If you're working with PyTorch, you might run into a tricky bug that can cause your tensors to become corrupted, leading to crashes and unexpected behavior. This issue, specifically related to how PyTorch handles tensor storage and shape metadata, can be a real headache for developers. Let's dive deep into this problem, understand why it happens, and what it means for your deep learning projects.

The Heart of the Problem: Inconsistent Tensor States

The core of this PyTorch bug lies in the resize_() operation when it encounters a tensor whose storage cannot be modified. Imagine you have a tensor that's tightly linked to a NumPy array, perhaps through set_(). PyTorch, in its attempt to be flexible, allows you to inject NumPy arrays into its tensor structure. While this is a powerful feature, it comes with a caveat: not all injected storage is designed to be resized by PyTorch. When resize_() is called on such a tensor, PyTorch correctly identifies that the storage is not resizable and throws a RuntimeError. However, the way this error is handled is where the problem emerges. Before PyTorch checks if the storage is resizable, it proceeds to update the tensor's shape and stride metadata. This means that even though the resize operation ultimately fails, the tensor's internal description of its dimensions has already been altered. Consequently, the tensor ends up in a corrupted state, often referred to as a "Zombie" tensor. Its shape attribute might indicate a large, desired size (e.g., torch.Size([5, 5, 5])), but its actual storage() remains empty, holding zero bytes of data. This dramatic mismatch between what the tensor thinks it contains and what it actually holds is the breeding ground for further issues.
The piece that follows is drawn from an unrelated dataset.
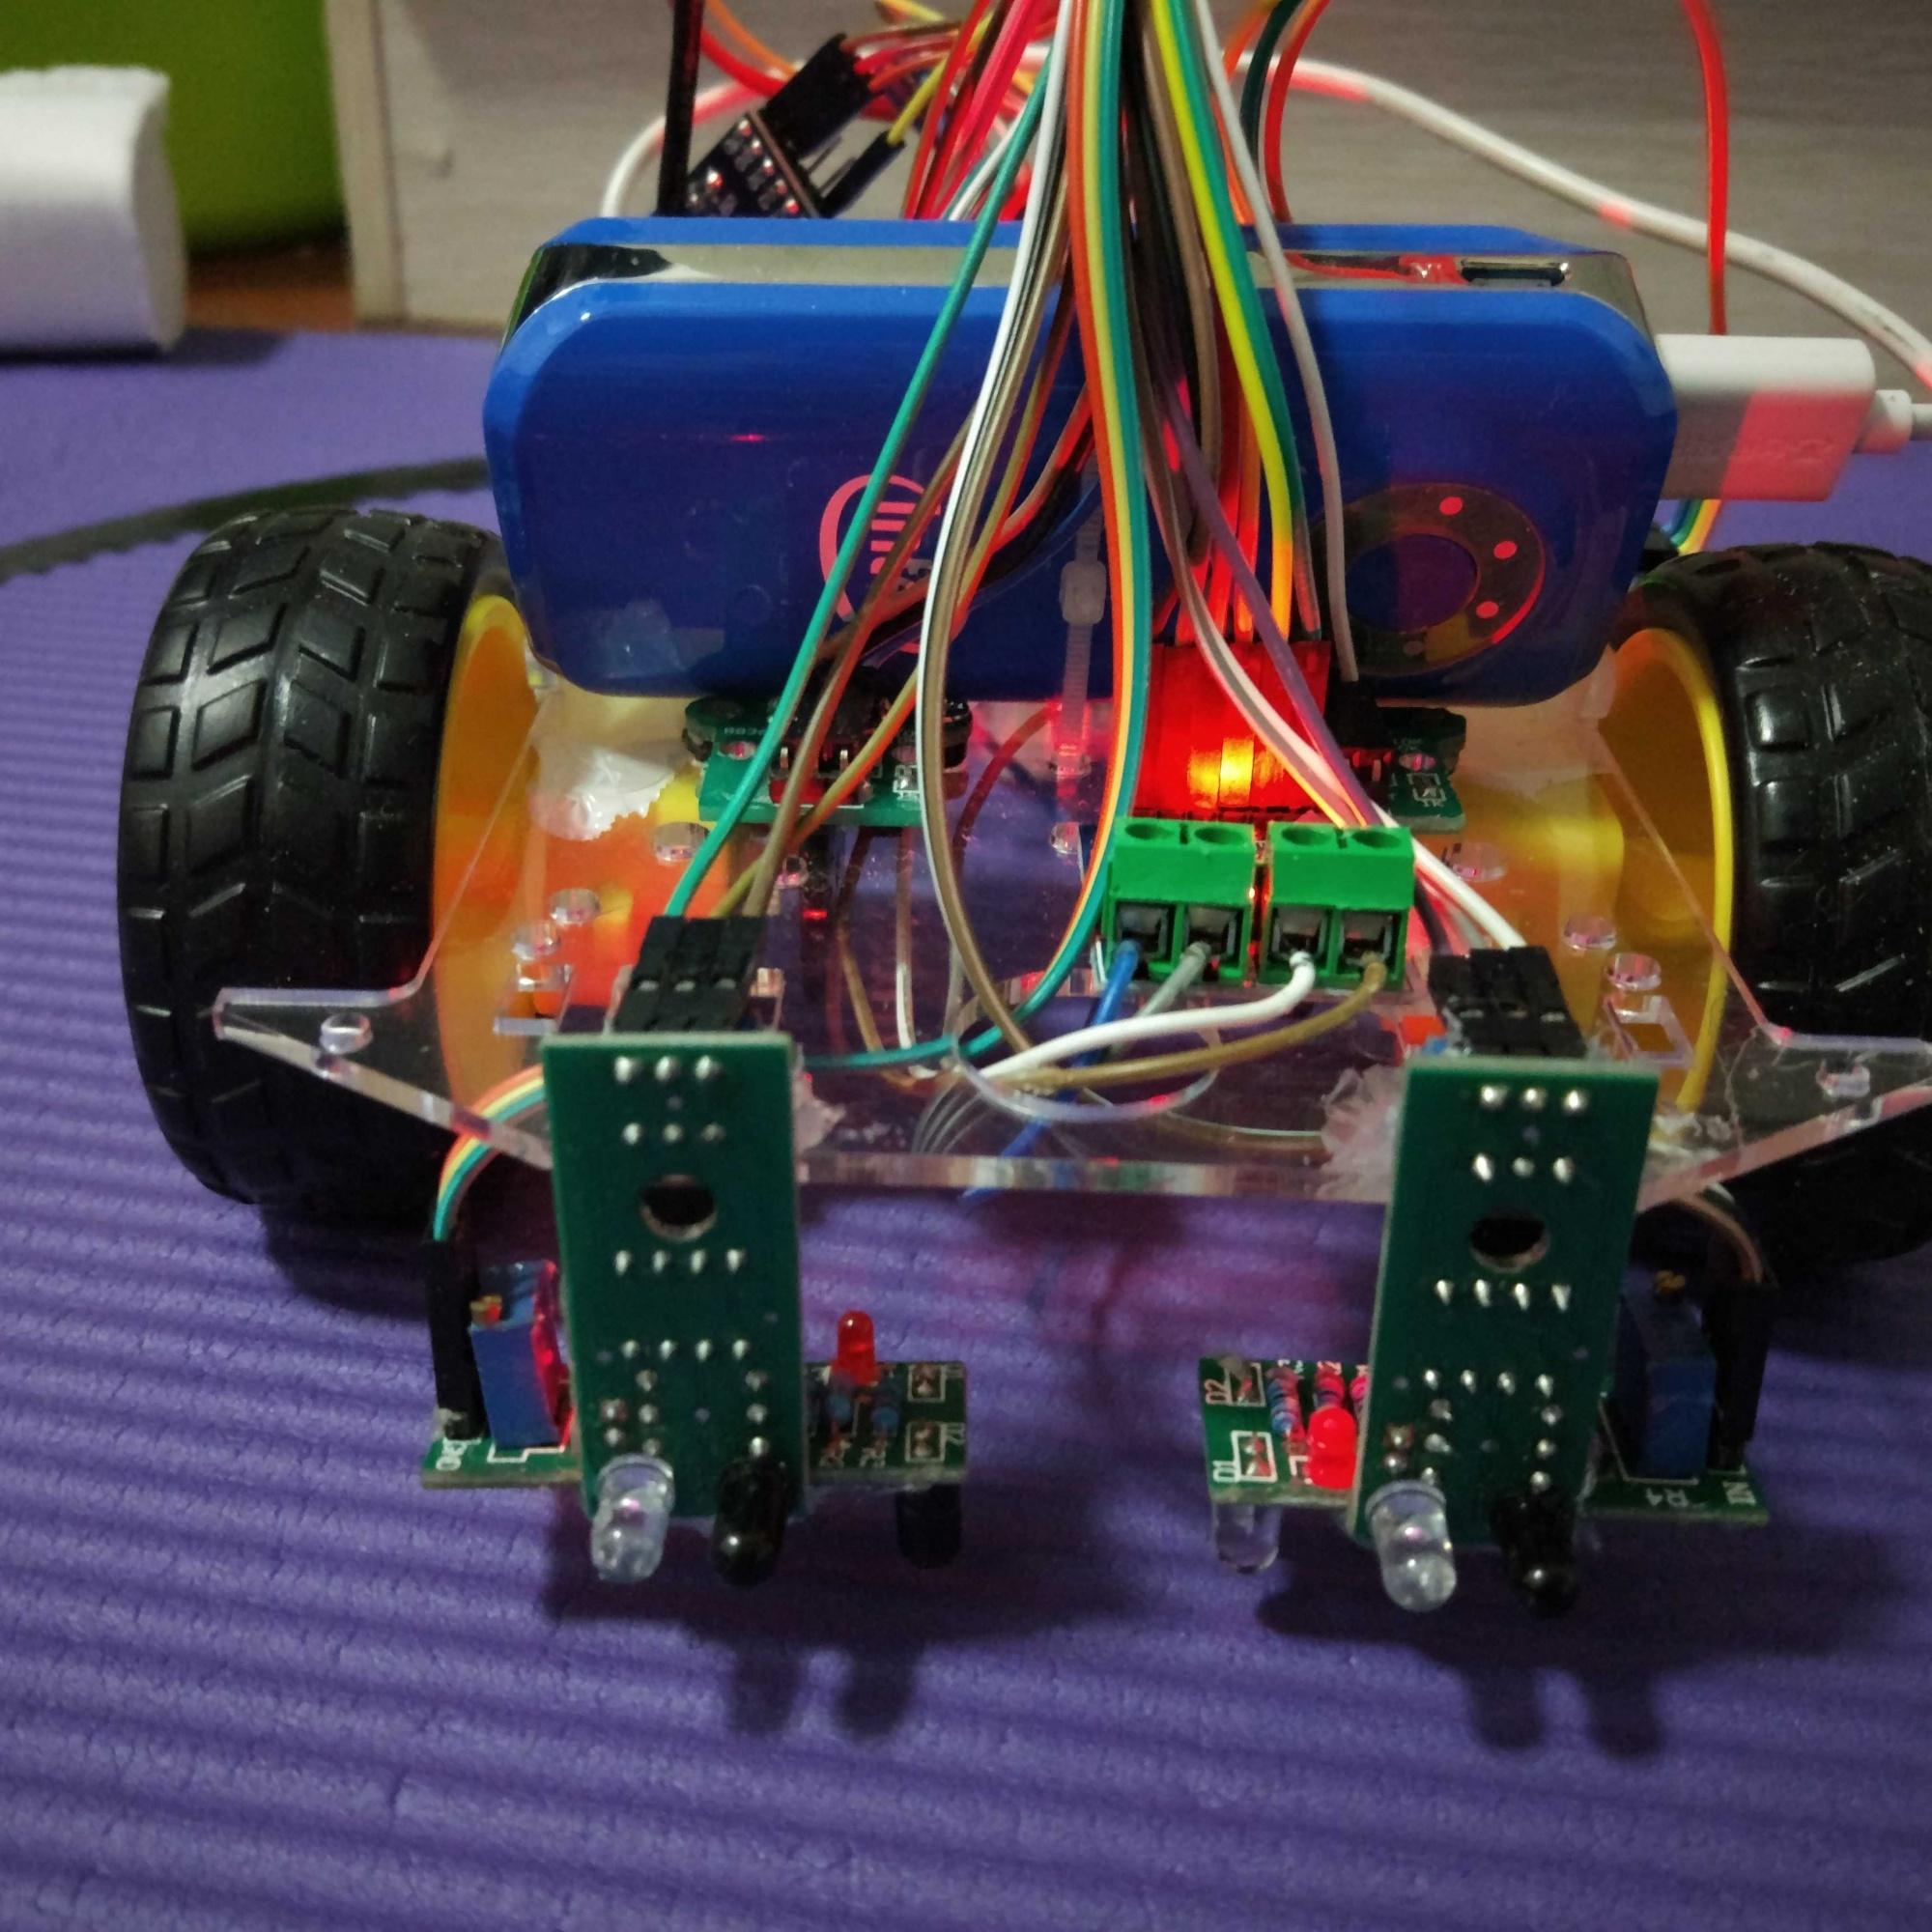 【orangepi zero试用体验】基于orangepi zero的智能小车 -- 结项

When you try to access or print such a corrupted tensor, PyTorch's internal mechanisms are fed contradictory information, leading to Segmentation Faults or further internal RuntimeError exceptions, effectively crashing your program.
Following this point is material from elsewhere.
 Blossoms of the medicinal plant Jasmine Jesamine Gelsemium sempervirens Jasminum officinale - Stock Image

Unpacking the Bug: A Closer Look at the Mechanism

Let's break down the sequence of events that leads to this problematic state. When you attempt to resize a tensor in PyTorch using resize_(), the library performs several checks and updates. First, it determines the new desired shape and calculates the corresponding strides. Then, it attempts to acquire or resize the underlying storage for these new dimensions. The issue arises when the tensor's storage is immutable, often because it originates from an external source like a NumPy array that was directly mapped into the tensor's memory space without copying. In such scenarios, PyTorch's resize_() function should ideally recognize this limitation early on and abort the operation cleanly, leaving all tensor metadata untouched. However, the bug reveals a flaw in this error-handling process. The tensor's shape and stride metadata are modified before the crucial check for storage resizability is performed and the RuntimeError is raised. This means that even though the RuntimeError is eventually caught, the damage to the tensor's internal state is already done. The tensor's shape now reflects the intended new dimensions, but its storage() remains unchanged and effectively empty (0 bytes). This leaves the tensor in a logically inconsistent state: it claims to have a specific size and shape, but it has no actual data to back it up. Subsequent operations that rely on the tensor's shape and its corresponding storage data will fail catastrophically. For instance, attempting to print(t) after this failed resize will cause PyTorch to try and interpret the tensor's dimensions against its non-existent data, leading to a segmentation fault or another runtime error. The minimal reproduction case provided clearly demonstrates this: a tensor is created with empty storage, then resize_() is attempted on this empty, non-resizable storage. While a RuntimeError is caught, the shape is erroneously updated, leading to the observed corruption. This fundamental breakdown in exception safety means that the tensor's metadata is left in an invalid state, compromising the integrity of your data and the stability of your application. It's a subtle bug, but one with significant consequences for reliable tensor manipulation in PyTorch.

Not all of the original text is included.